BTRFS error occurred while copying the zip file

Zesko · 20 September 2021 18:05

That could be, if Zip compression initially wrote data to the faulty SSD or the faulty file system without info/warning, but BTRFS can stop copying the broken file earlier when I want to transfer it to backup disk. Not bad.

Zesko · 21 September 2021 07:43

I checked smartctl before copy.

❯ sudo smartctl -A /dev/nvme0n1

=== START OF SMART DATA SECTION ===
SMART/Health Information (NVMe Log 0x02)
Critical Warning:                   0x00
Temperature:                        52 Celsius
Available Spare:                    100%
Available Spare Threshold:          5%
Percentage Used:                    1%
Data Units Read:                    9.541.220 [4,88 TB]
Data Units Written:                 5.187.998 [2,65 TB]
Host Read Commands:                 22.832.335
Host Write Commands:                34.318.571
Controller Busy Time:               170
Power Cycles:                       233
Power On Hours:                     272
Unsafe Shutdowns:                   3
Media and Data Integrity Errors:    0
Error Information Log Entries:      354
Warning  Comp. Temperature Time:    0
Critical Comp. Temperature Time:    0

Then I copied the same MEGA zip 4 times in my disk.

❯ cp MEGA.zip ~/Desktop/MEGA_copy.zip # No issue
❯ cp MEGA.zip ~/Desktop/MEGA_copy1.zip  # No issue
❯ cp Desktop/MEGA_copy.zip ~/Downloads  # No issue
❯ cp Desktop/MEGA_copy1.zip ~/Downloads   # Failed
cp: error reading 'MEGA_copy1.zip': Input/output error

1 of 4 copy failed.
That means, my SSD is damaged after 1 month.

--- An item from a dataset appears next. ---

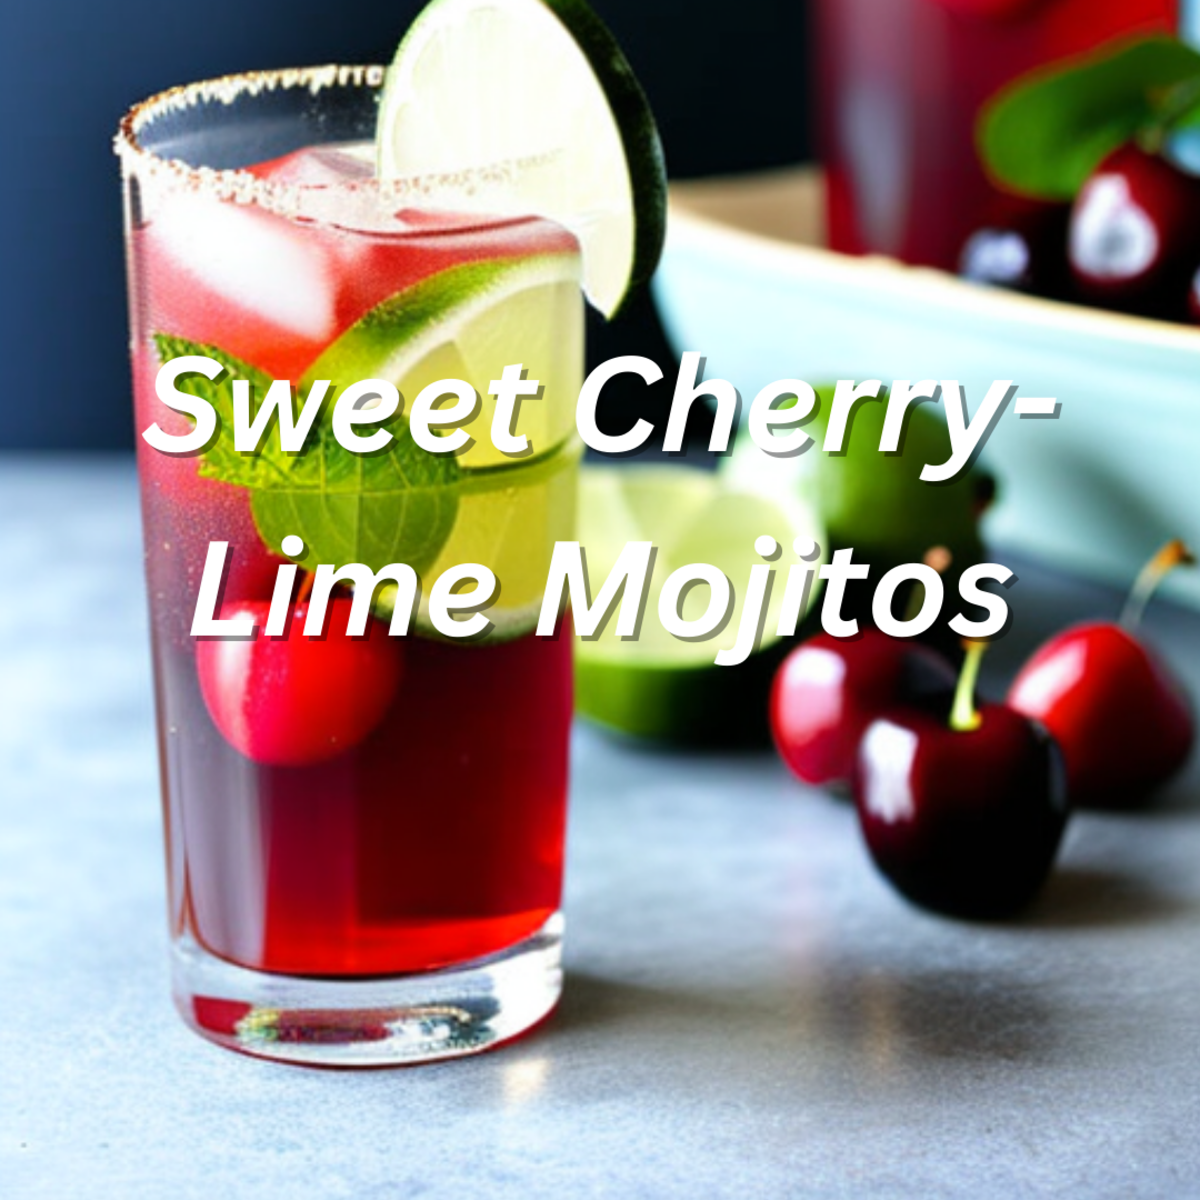 Sweet Cherry Lime Mojitos

I checked smartctl after the failed copy again:

❯ sudo smartctl -A /dev/nvme0n1

=== START OF SMART DATA SECTION ===
SMART/Health Information (NVMe Log 0x02)
Critical Warning:                   0x00
...
Media and Data Integrity Errors:    0
Error Information Log Entries:      354 # The same number
Warning  Comp. Temperature Time:    0
Critical Comp. Temperature Time:    0

It did not change “Error Information Log Entries”
I know it will count up after restart. It has nothing to do with the issue of copy.

I checked nvme:

❯ sudo nvme error-log /dev/nvme0n1                                                                                                                                                                              
Error Log Entries for device:nvme0n1 entries:63
.................
 Entry[ 0]   
.................
error_count     : 354
sqid            : 0
cmdid           : 0x19
status_field    : 0x2002(INVALID_FIELD: A reserved coded value or an unsupported value in a defined field)
phase_tag       : 0
parm_err_loc    : 0x28
lba             : 0
nsid            : 0
vs              : 0
trtype          : The transport type is not indicated or the error is not transport related.
cs              : 0
trtype_spec_info: 0
.................
 Entry[ 1]   
.................
error_count     : 0
sqid            : 0
cmdid           : 0
status_field    : 0(SUCCESS: The command completed successfully)
phase_tag       : 0
parm_err_loc    : 0
lba             : 0
nsid            : 0
vs              : 0
trtype          : The transport type is not indicated or the error is not transport related.
cs              : 0
trtype_spec_info: 0
.................
...

nvme and smartctl can not detect that my SSD’s blocks are damaged?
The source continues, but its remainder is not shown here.